В результате современной тенденции оставлять широкие проторенные дороги истории ради тропинок биографий и мемуаров мы обнаруживаем, что на многие вопросы, которые историк привык считать вовсе не заслуживающими внимания, проливается немало дополнительного света. Именно с их помощью мы изучаем мельчайшие изменения в общественной жизни, которые мало-помалу меняют весь облик народа, и именно с их помощью мы заглядываем прямо в обыденную повседневную жизнь прошлого и измеряем расстояние между его существованием и нашим собственным. Когда мы читаем, например, о том, как леди Кэткарт более двадцати лет находилась в строгом заточении у своего мужа, мы с некоторым самодовольством смотрим на легкомысленных жен девятнадцатого века. Размышляя о печальной судьбе Уриэля Фройденбергера, приговоренного кантоном Ури к сожжению заживо в 1760 году за опрометчивое выражение неверия в легенду о яблоке Вильгельма Телля, мы осознаем неудобства, сопряженные со слишком ранним развитием критического мышления. Мы завороженно слушаем, как ученый пастор доктор Иоганн Гайлер фон Кайзерсберг серьезно просвещает свою паству относительно природы и свойств оборотней; и мы отвлекаемся, чтобы увидеть, как полуголодные мальчики в Вестминстере варят свой пудинг из теста в чулке, или услышать, как маленький Джон Уэсли тихо плачет, когда его секут, не имея возможности позволить себе даже роскошь громко закричать.
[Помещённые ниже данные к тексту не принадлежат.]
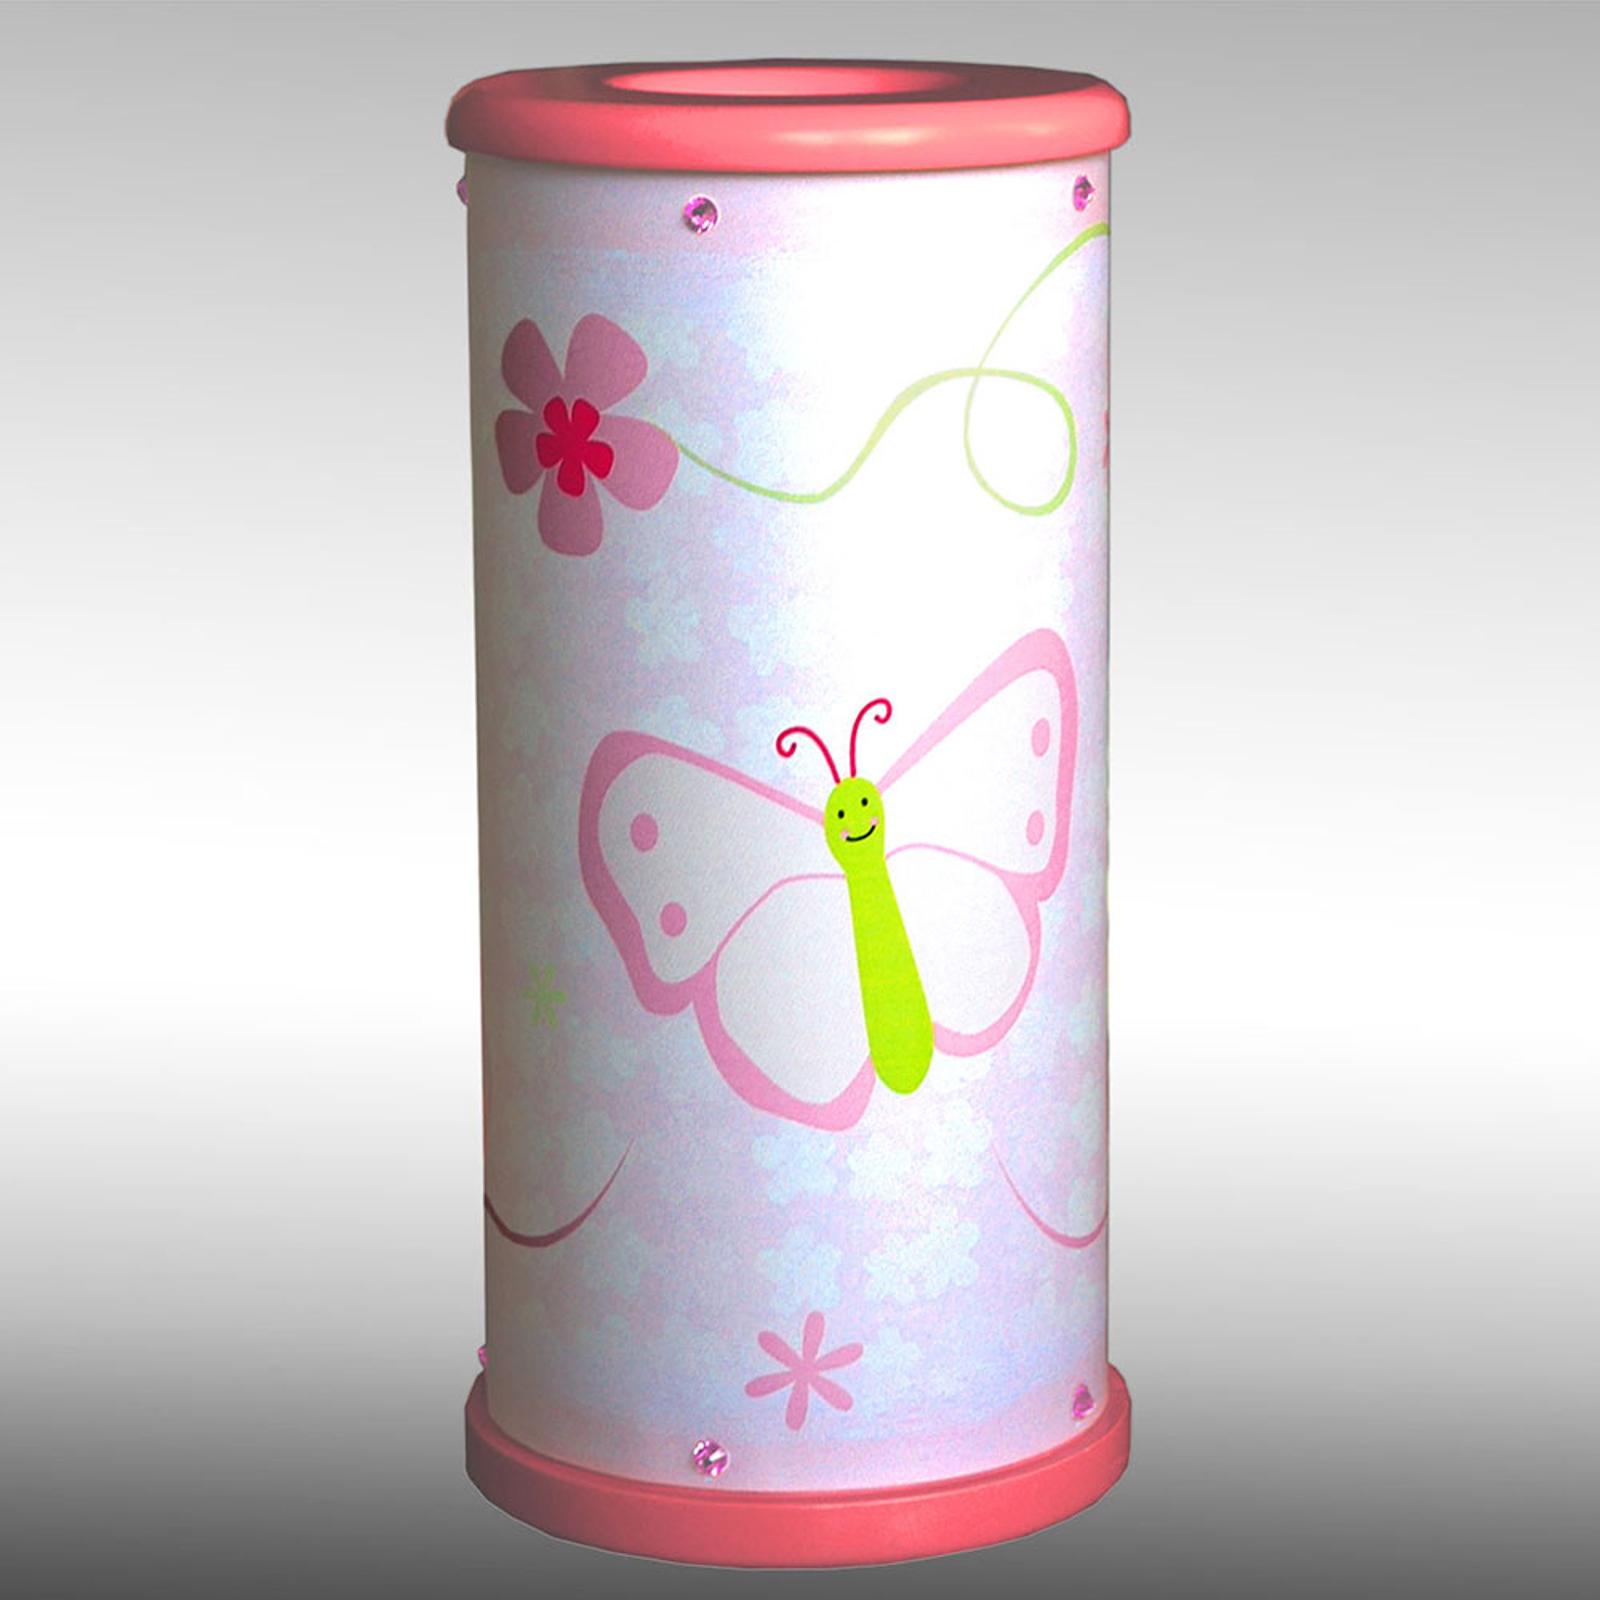 Papillon - LED tafellamp voor de kinderkamer

Пожалуй, последний случай покажется нам самым жалостным из всех, ведь это в сущности век детей. Женщины, рабочие и скептики — у всех них есть достаточно причин быть благодарными за то, что они не родились несколькими поколениями раньше; но современные дети облагодетельствованы сверх всякой меры и, безусловно, гораздо больше, чем они того заслуживают. Сравните современного школьника с любым из его злополучных предшественников, начиная со времен спартанской дисциплины и заканчивая эпохой наших дедов. Перейдите от свободной и непринужденной школьницы наших дней к страданиям юности миссис Шервуд с ее стальными воротниками, досками для выпрямления спины, покорным молчанием и строгим благопристойным поведением. Подумайте о шумных и беспокойных детских, которые все мы знаем, а затем мысленно вернитесь в ту суровую и таинственную обитель, где миссис Уэсли правила своим выводком по своду дисциплинарных законов, столь же грозных и незыблемых, как законы мидян и персов. В их высшей эффективности она явно не сомневалась, ибо оставила их тщательно записанными для блага грядущих поколений, хотя мы опасаемся, что немногих матерей наших дней соблазнила бы их строгая аскетичность. Они относятся к современным правилам воспитания так же, как «Синие законы» Коннектикута к нашему более вялому законодательству. Каждый ребенок должен был отметить свое пятилетие тем, что выучил наизусть весь алфавит. Чтобы обеспечить выполнение этого важнейшего дела, накануне во всем доме наводился впечатляющий порядок; каждому назначалось свое задание; и миссис Уэсли, отдавая строгие приказы, чтобы никто не проникал в святилище, пока идет торжественное испытание, запиралась на шесть часов с несчастным ребенком и неумолимо вбивала буквы в его ошеломленный мозг. Лишь дважды ее постигла неудача. «Молли и Нэнси», как нам говорят, не смогли выучить за отведенное время, и их мать утешала себя в их медлительности, размышляя о еще большей неспособности детей других людей.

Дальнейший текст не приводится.